Government decision-making over infrastructure projects must improve or risk wasting billions of pounds, an Institute for Government report has stated.

The think-tank praised the government for planning to invest £245bn over the next five years in high-quality infrastructure as a means to bolster the economy.

But it warned that government “is not always adept at identifying the best investments”.

The IfG cited projects, such as the controversial Millennium Dome and London Garden Bridge, schemes as examples of poor choices by Whitehall.

In April London mayor Sadiq Khan refused to release any more public funds to support the Garden Bridge scheme, which had already cost taxpayers £60m.
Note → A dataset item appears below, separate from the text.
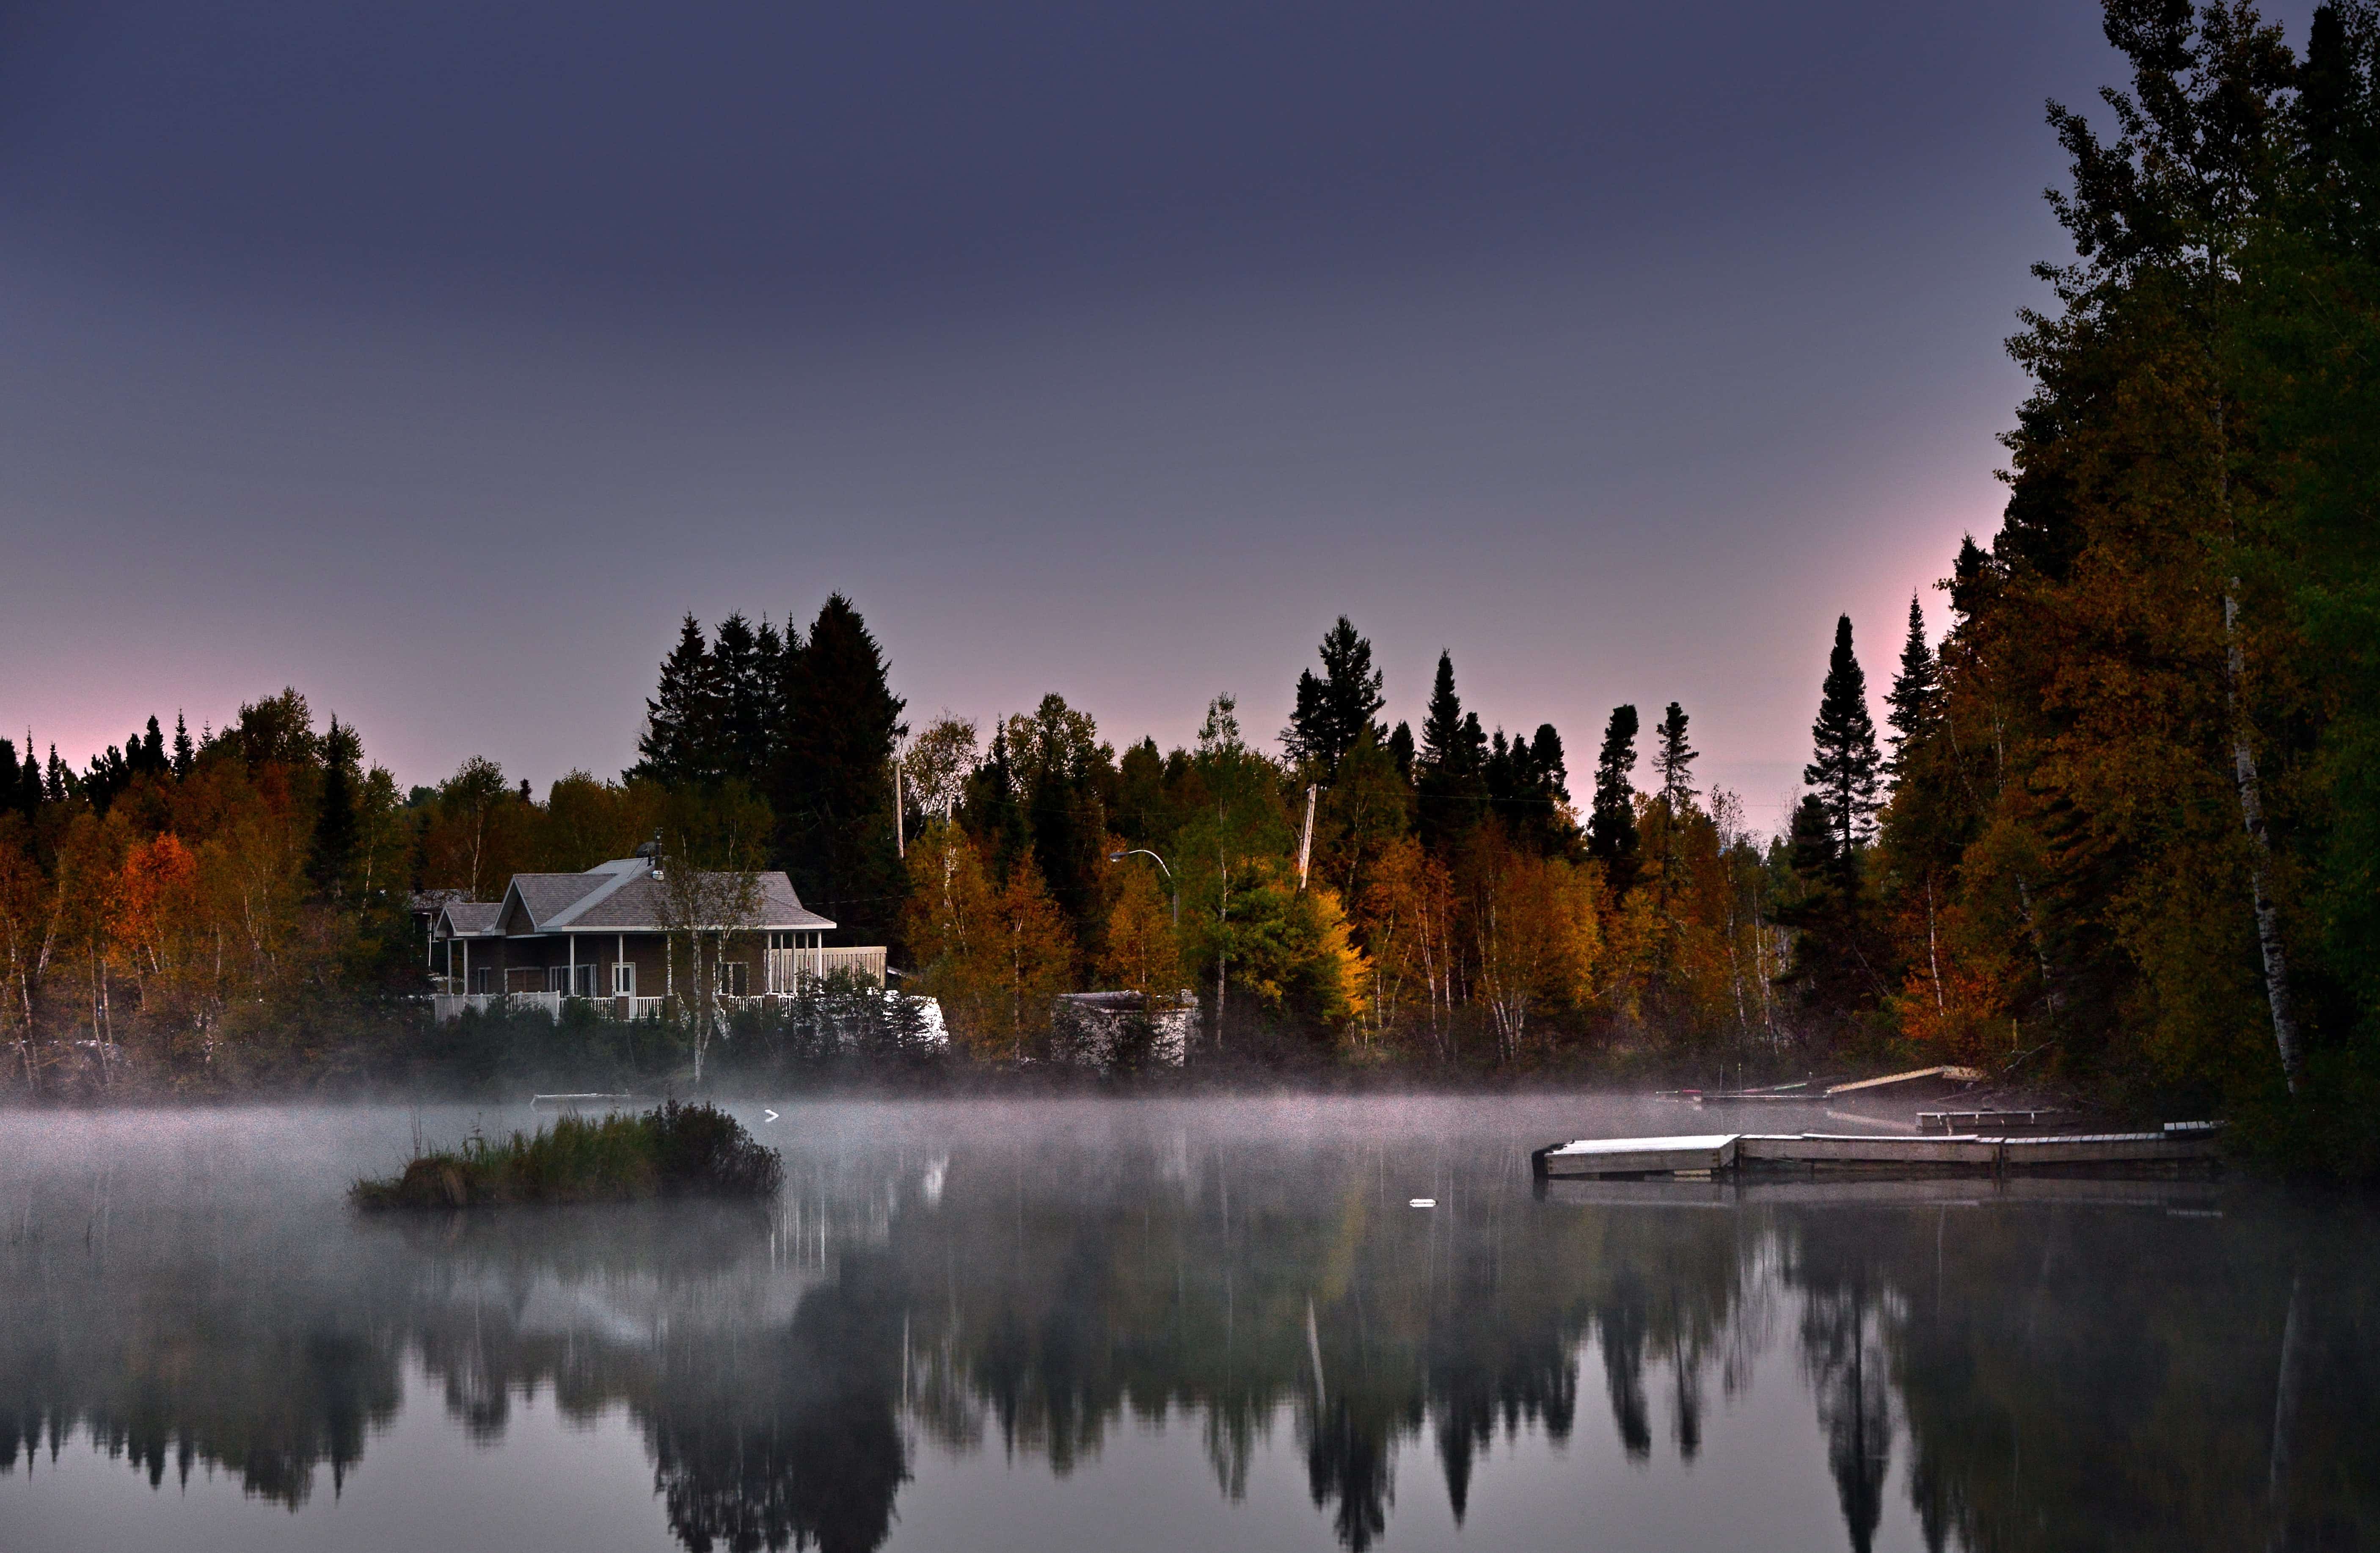 Фильму берегу озера. Дом Канада Онтарио у озера. Лес Квебек Канада. Озеро Онтарио Канада , осень. Канада провинция Онтарио природа.

This followed a report earlier in April from Margaret Hodge, which said the £200m project did not offer value for money and the government should scrap it despite already sinking £60m into the idea.

In its What’s wrong with infrastructure? report the IfG argues that poor investment decisions could lock the economy into inappropriate infrastructure systems for many years, with significant harmful effects on future prosperity.

Nick Davies, research manager and report co-author, said: “Britain desperately needs upgrades to its infrastructure.

“But too often projects are given the green-light based on questionable assumptions, a lack of strategy and without learning from past mistakes.

“Government decision-making must improve significantly if we want to reap the benefits of smart infrastructure investment.”

The report warns that picking the wrong infrastructure projects can lead to white elephants – projects that deliver scant economic dividends compared to better alternatives, wasting public money in the process.

In addition it says bad infrastructure decisions are often extremely difficult to undo.

This report comes after the publication of a National Audit Office appraisal of the government’s approach to the Hinkley Point C nuclear power plant project which it deemed as “risky and expensive”.

The IfG listed six reasons why the UK struggles at times with major infrastructure plans.

  • There is no national strategy for infrastructure investment
  • Government does not devote enough attention to assessing early options
  • The more ambitious the forecast, the more questionable the model
  • Ministers and senior civil servants can fail to understand project risk
  • Government finds it difficult to make decisions which create concentrated losers
  • Inadequate evaluation misses the opportunity to improve future projects.